The functions for different encodings are similar. For encoding, the only required parameters is the value (String). For UTF-16 and UTF-32, you can choose between BE (Big Endian) and LE (Little Endian) by using function with be and le suffix respectively. By default, the functions without suffix uses Big Endian. The functions with suffix are not available for UTF-8 as it's read byte by byte regarless of the CPU architecture. For functions with BE and LE suffix, there is also an optional parameter:

  • writeBOM: determines whether the BOM (Byte Order Mark) should be written.

For decoding, UTF-16 and UTF-32 also have the BE and LE variants. You need to pass the bytes (List<int>) as the first argument. The optional parameters are:

  • offset: an offset into a list of bytes.
  • length: limit the length of the values to be decoded.
  • stripBom: whether to strip the leading BOM.
  • replacementCodepoint: the replacement character.

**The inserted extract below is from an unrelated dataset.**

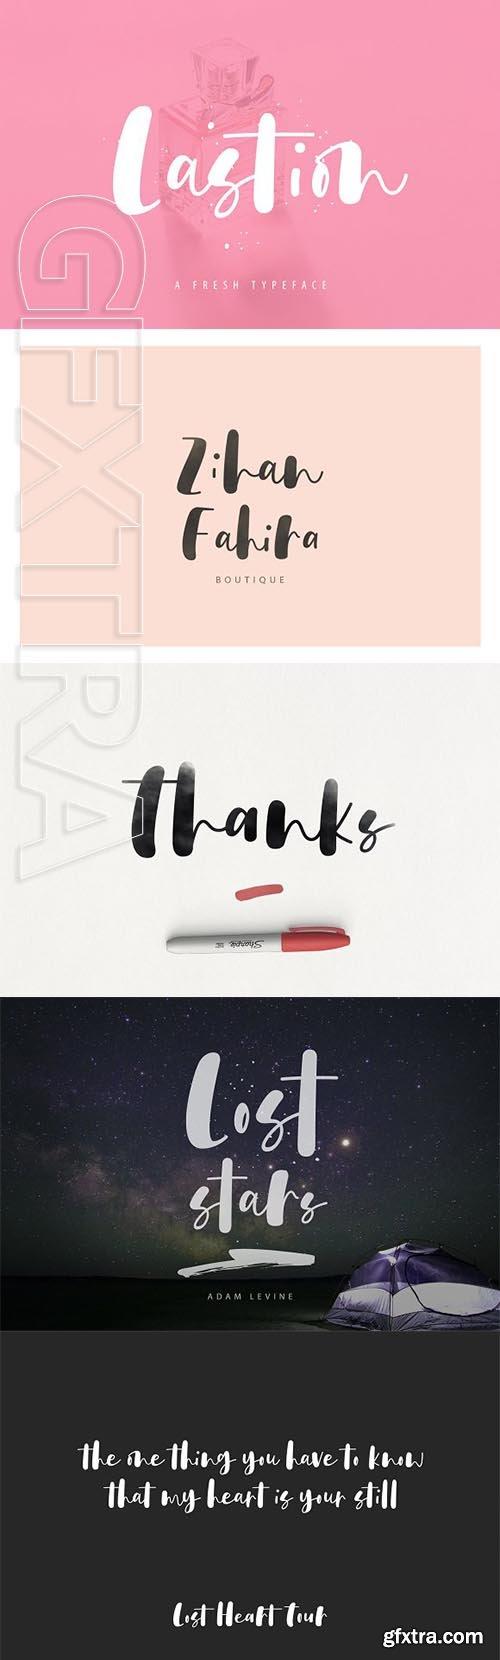 CreativeMarket - Lastion Typeface 2736335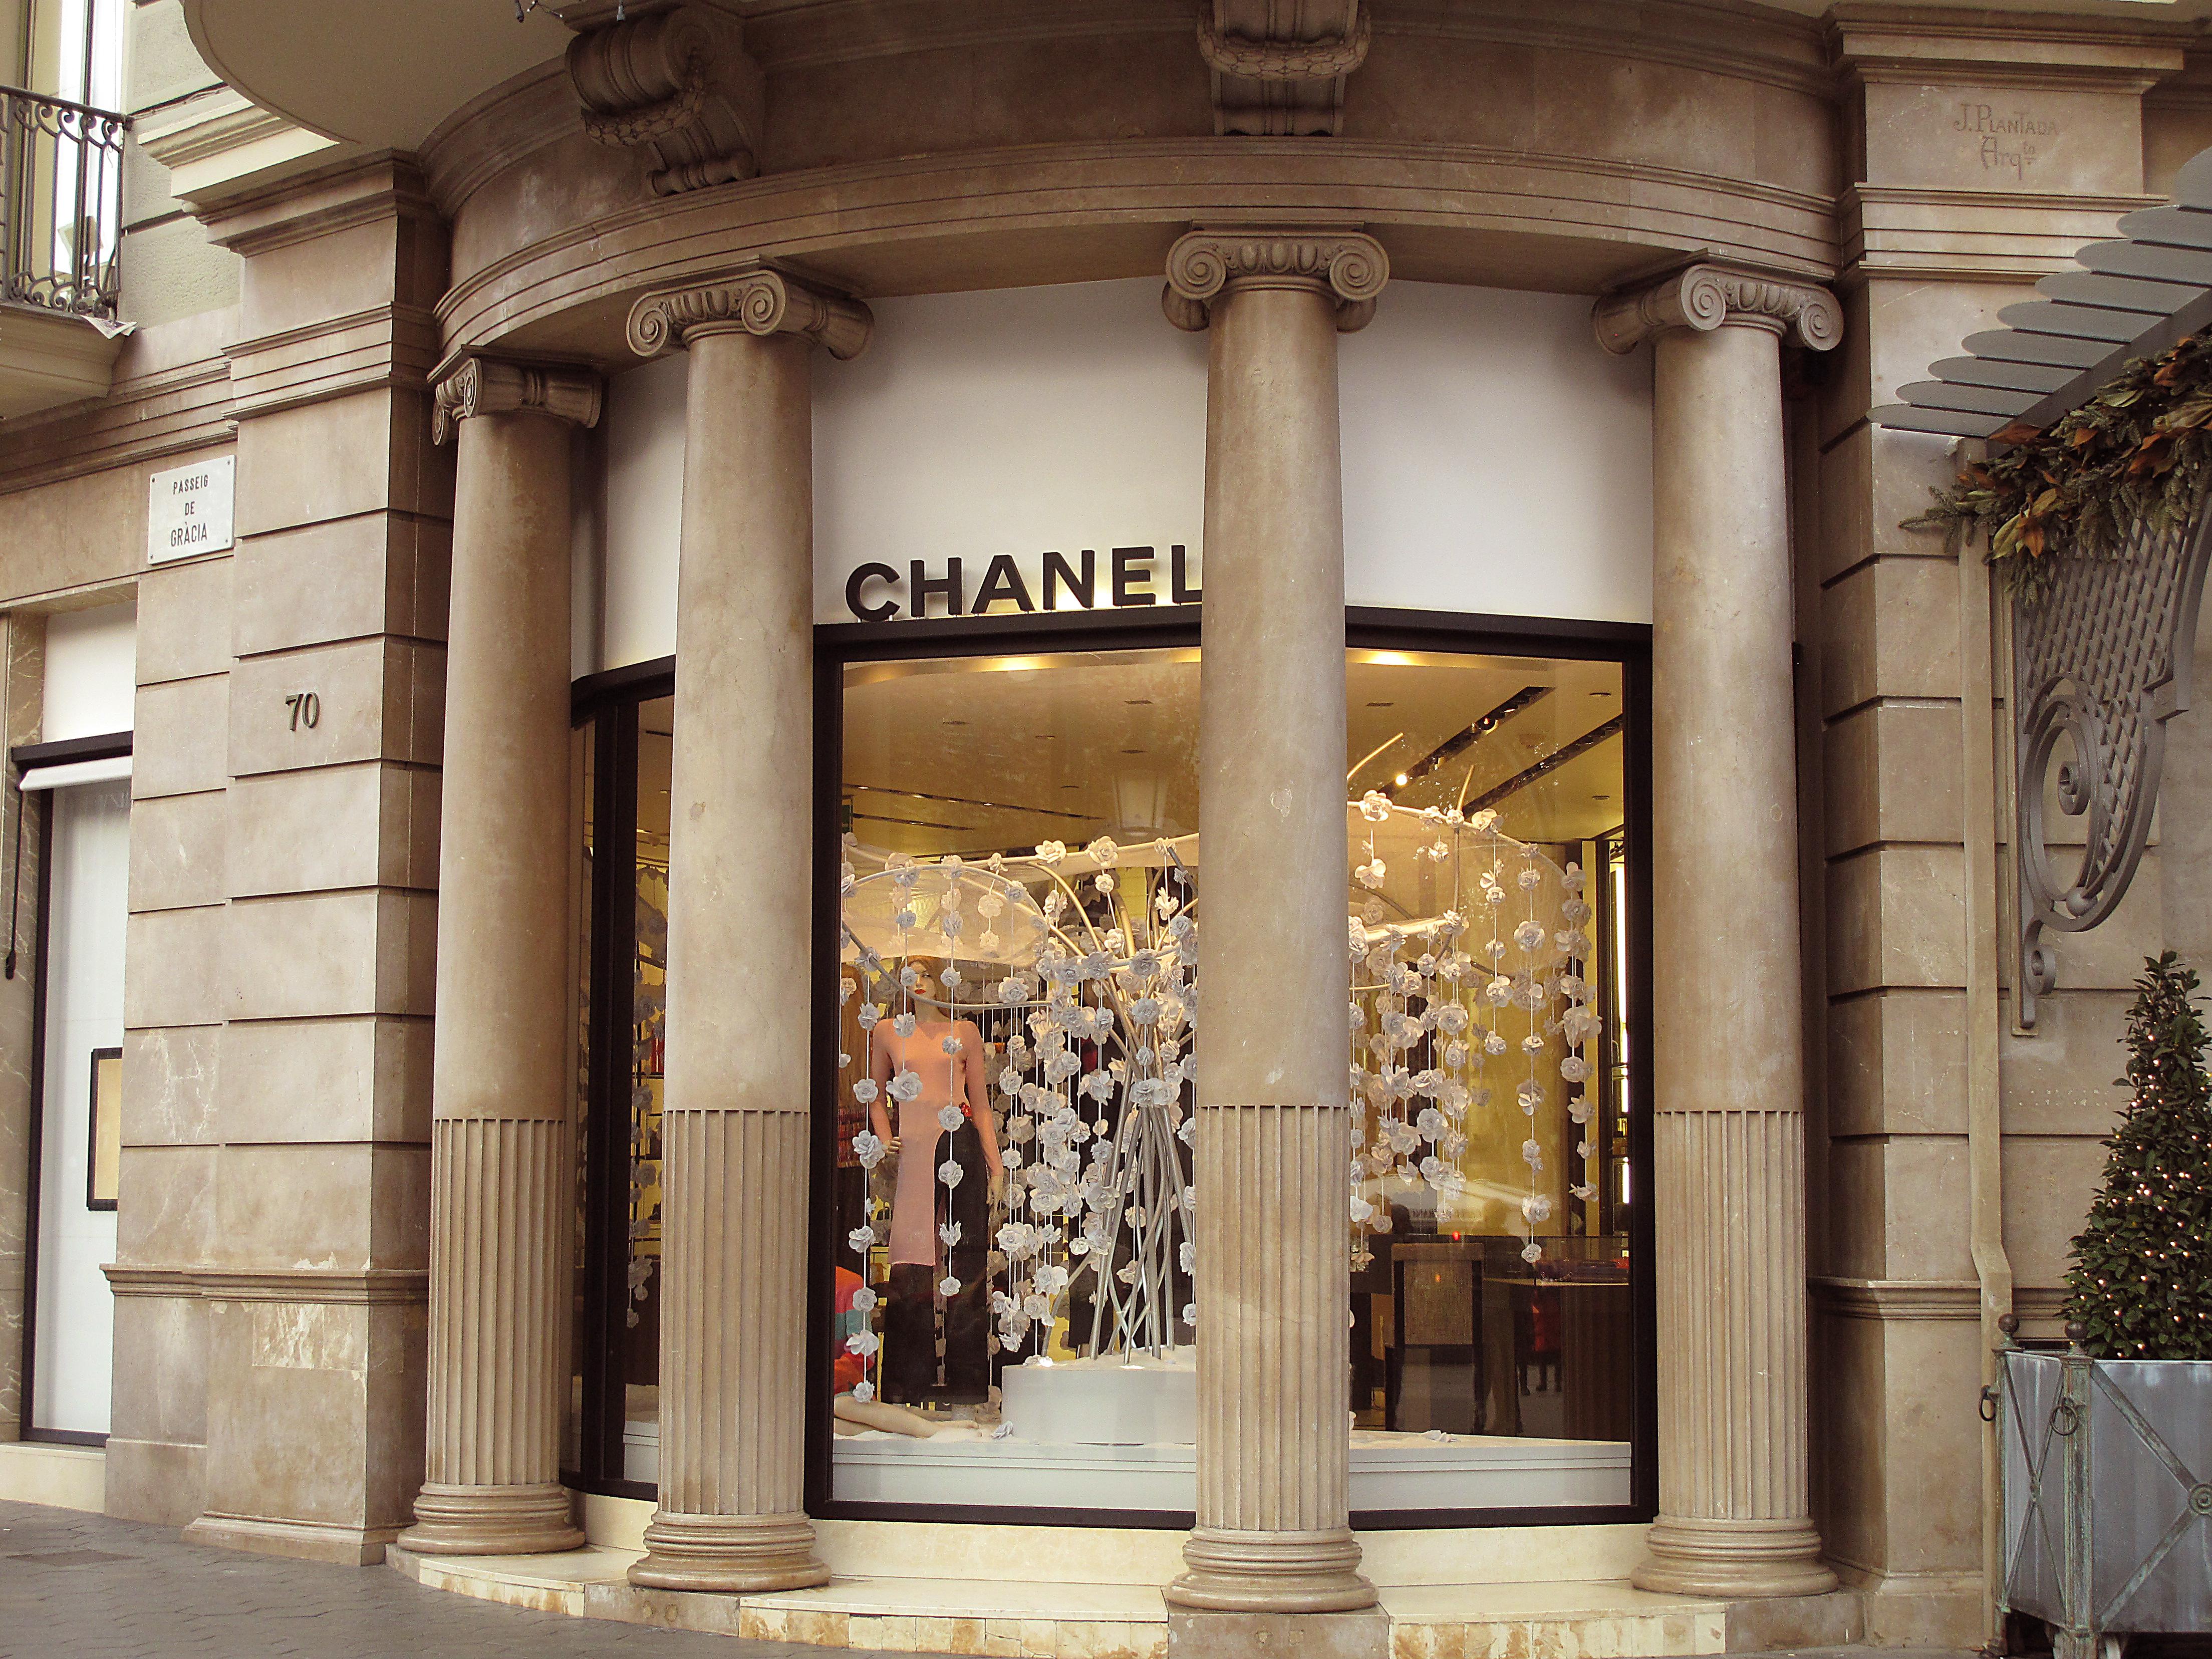 2db735161 File:070 Chanel, pg. de Gràcia 70 (Barcelona), cantonada c. València.jpg

Default to 0xffd.

Below are the examples of using the encoding functions mentioned above on the same string as well as the functions for decoding, followed by the output.

  var text = 'woolha.com';
  var _8 = encodeUtf8(text);
  print('8: $_8');

  var _16 = encodeUtf16(text);
  var _16Le = encodeUtf16le(text);
  var _16LeBom = encodeUtf16le(text);
  print('16: $_16'); // Big Endian
  print('16LE: $_16Le'); // Little Endian
  print('16LE - BOM: $_16LeBom'); // Little Endian, writeBOM = true

  var _32 = encodeUtf32(text);
  var _32Le = encodeUtf32le(text);
  var _32LeBom = encodeUtf32le(text);
  print('32: $_32'); // Big Endian
  print('32LE: $_32Le'); // Little Endian
  print('32LE - BOM: $_32LeBom'); // Little Endian, writeBOM = true

  print('32: ${encodeUtf32(text)}'); // Big Endian
  print('32LE: ${encodeUtf32le(text)}'); // Little Endian
  print('32LE - BOM: ${encodeUtf32le(text, true)}'); // Little Endian, writeBOM = true

  print('8 - value: ${decodeUtf8(_8)}');

  print('16 - value: ${decodeUtf16(_16)}');
  print('16LE - value: ${decodeUtf16le(_16Le)}');
  print('16LE - BOM - value: ${decodeUtf16le(_16LeBom)}');

  print('32 - value: ${decodeUtf32(_32)}');
  print('32LE - value: ${decodeUtf32le(_32Le)}');
  print('32LE - BOM - value: ${decodeUtf32le(_32LeBom)}');

Output::

  8: [119, 111, 111, 108, 104, 97, 46, 99, 111, 109]
  16: [254, 255, 0, 119, 0, 111, 0, 111, 0, 108, 0, 104, 0, 97, 0, 46, 0, 99, 0, 111, 0, 109]
  16LE: [119, 0, 111, 0, 111, 0, 108, 0, 104, 0, 97, 0, 46, 0, 99, 0, 111, 0, 109, 0]
  16LE - BOM: [119, 0, 111, 0, 111, 0, 108, 0, 104, 0, 97, 0, 46, 0, 99, 0, 111, 0, 109, 0]
  32: [0, 0, 254, 255, 0, 0, 0, 119, 0, 0, 0, 111, 0, 0, 0, 111, 0, 0, 0, 108, 0, 0, 0, 104, 0, 0, 0, 97, 0, 0, 0, 46, 0, 0, 0, 99, 0, 0, 0, 111, 0, 0, 0, 109]
  32LE: [119, 0, 0, 0, 111, 0, 0, 0, 111, 0, 0, 0, 108, 0, 0, 0, 104, 0, 0, 0, 97, 0, 0, 0, 46, 0, 0, 0, 99, 0, 0, 0, 111, 0, 0, 0, 109, 0, 0, 0]
  32LE - BOM: [119, 0, 0, 0, 111, 0, 0, 0, 111, 0, 0, 0, 108, 0, 0, 0, 104, 0, 0, 0, 97, 0, 0, 0, 46, 0, 0, 0, 99, 0, 0, 0, 111, 0, 0, 0, 109, 0, 0, 0]
  32: [0, 0, 254, 255, 0, 0, 0, 119, 0, 0, 0, 111, 0, 0, 0, 111, 0, 0, 0, 108, 0, 0, 0, 104, 0, 0, 0, 97, 0, 0, 0, 46, 0, 0, 0, 99, 0, 0, 0, 111, 0, 0, 0, 109]
  32LE: [119, 0, 0, 0, 111, 0, 0, 0, 111, 0, 0, 0, 108, 0, 0, 0, 104, 0, 0, 0, 97, 0, 0, 0, 46, 0, 0, 0, 99, 0, 0, 0, 111, 0, 0, 0, 109, 0, 0, 0]
  32LE - BOM: [255, 254, 0, 0, 119, 0, 0, 0, 111, 0, 0, 0, 111, 0, 0, 0, 108, 0, 0, 0, 104, 0, 0, 0, 97, 0, 0, 0, 46, 0, 0, 0, 99, 0, 0, 0, 111, 0, 0, 0, 109, 0, 0, 0]
  8 - value: woolha.com
  16 - value: woolha.com
  16LE - value: woolha.com
  16LE - BOM - value: woolha.com
  32 - value: woolha.com
  32LE - value: woolha.com
  32LE - BOM - value: woolha.com

You can see the difference ouput bytes as the result of using different encodings and endiannesses. For decoding, using the right function based on the encoding and endianness is also important to get the correct value.